The inference of some new facts can produce the following new facts. Let's return to the situation shown in the first figure of this article, where two groups of affiliated counterparties were shown. Let information appear in the database that Jane Doe is a shareholder of "Minimarkets LLC". A rule will infer the affiliation relationship between these two counterparties. Since the property "is affiliated" (hasK3GroupRelative) is transitive, establishing a new relation of this type will lead to the inference of new facts along the chain, which will eventually link all counterparties of both groups.
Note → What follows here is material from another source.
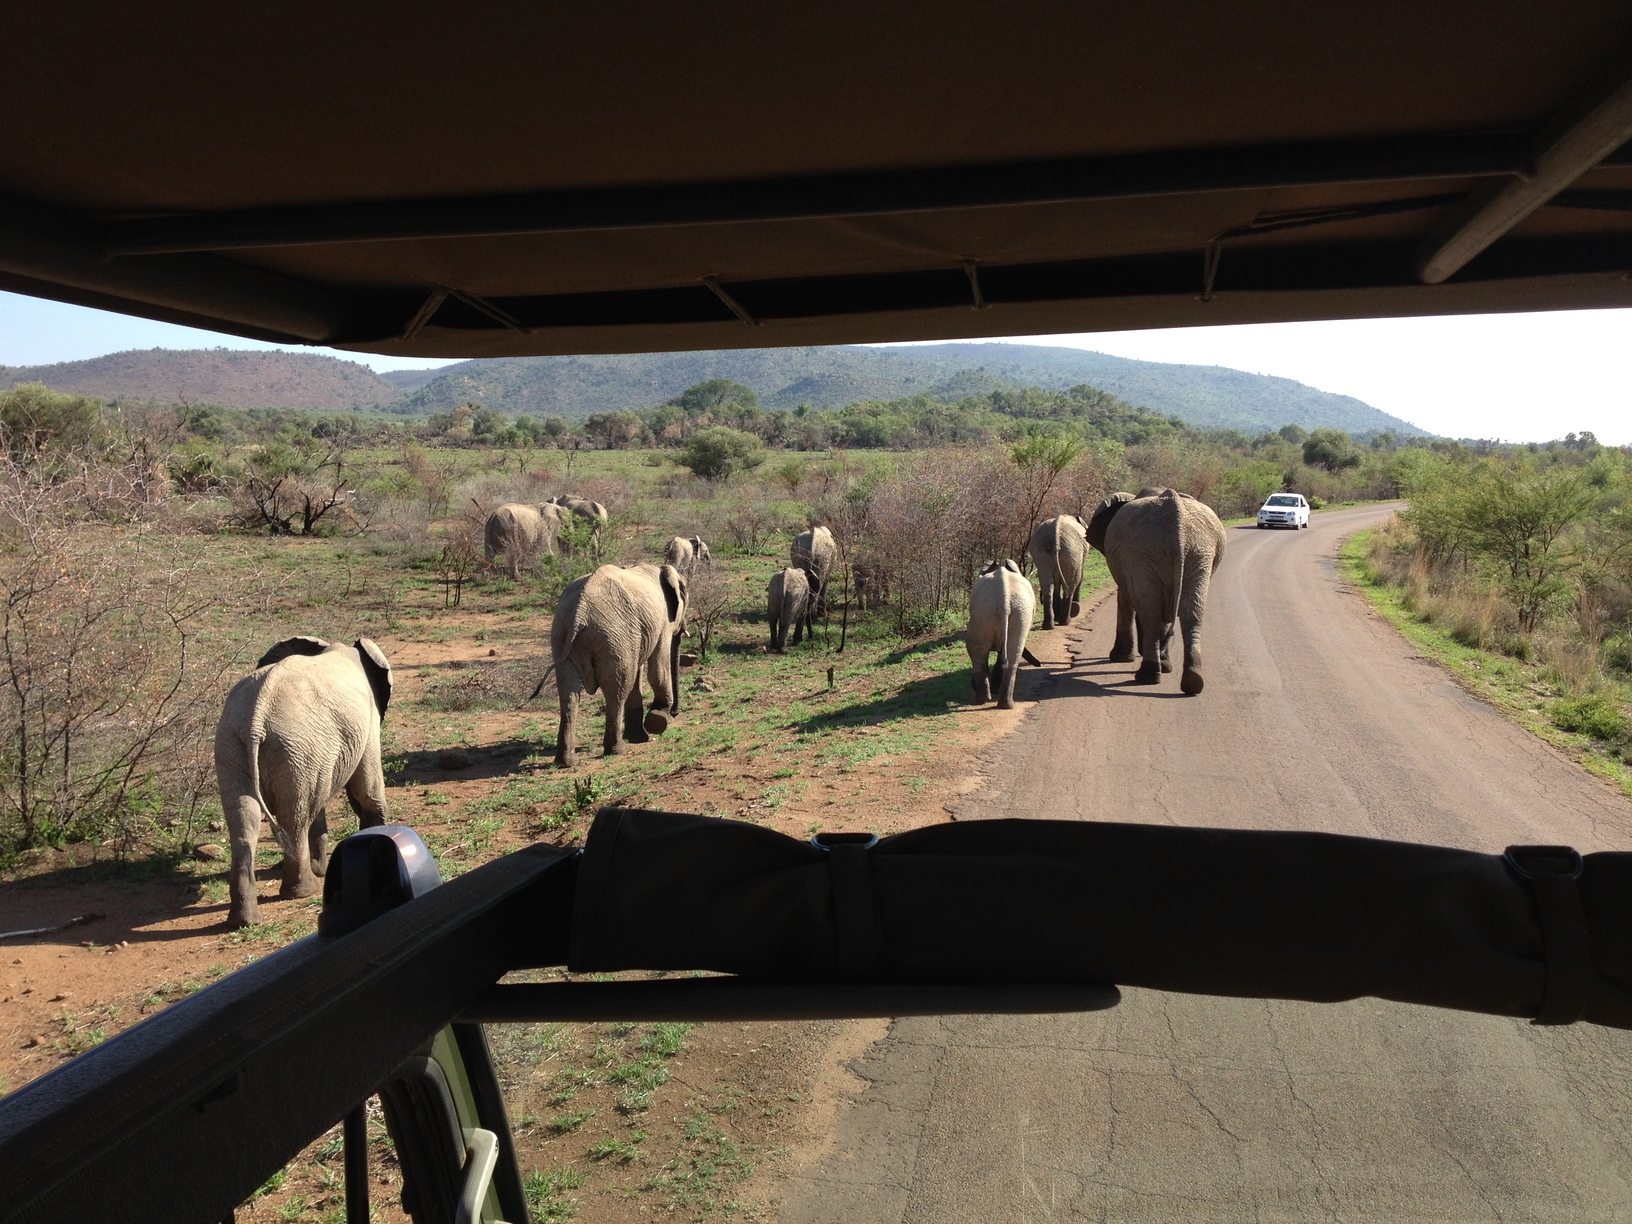 slony na ceste

This is the main value of the inference rules for the task we are describing: the composition of groups of affiliated counterparties automatically changes as the facts recorded in the database change. The value of ontologies lies in the fact that the analyst can change the description of the data structure itself and the logic of the rules at any time without interfering with the program code or the physical structure of the database, without stopping the system - it is enough to make appropriate changes to the model. If at some point a new version of the Resolution establishing the criteria for affiliation is released, it will be possible to make changes to the logic of the software system in a matter of minutes.

Let's show how a user and a developer can interact with the data presented in according to the ontology. The user works with data using the DataVera EKG Explorer interface. Here the user can filter, sort, export data to Excel, including those resulted by the inference.

Interacting with data in the DataVera EKG Explorer interface

The developer and application code can interact with the platform by exchanging messages through Kafka topics or through the REST API. It is convenient to organize the export to the EKG Provider of up-to-date data on business objects from the bank's corporate systems using Kafka. The REST API allows to receive information about the inference results. Let us show a REST API query example to find out which borrowers the "Premium Estate" company is affiliated with:

Querying DataVera EKG Provider REST service

The service response contains the values of all object properties. For properties whose values are obtained using inference rules, the "Inferred" JSON collection element contains the identifier of the rule that has produced a new fact in the database.

You can also use the SPARQL interface to work with data. For example, let us query all the owners of organizations affiliated with the "Fast food delivery" company. To execute the query, we will use the Apache Fuseki panel, changing the service address to SPARQL DataVera EKG Provider endpoint:

Querying DataVera EKG Provider SPARQL endpoint

We emphasize that the answer is generated by the DataVera EKG Provider based on the data actually located in the Postgres relational database – this is the essence of the data virtualization technology. A developer or a software component can work with data that is stored in a relational DBMS, as if it were in a graph in an RDF triple store.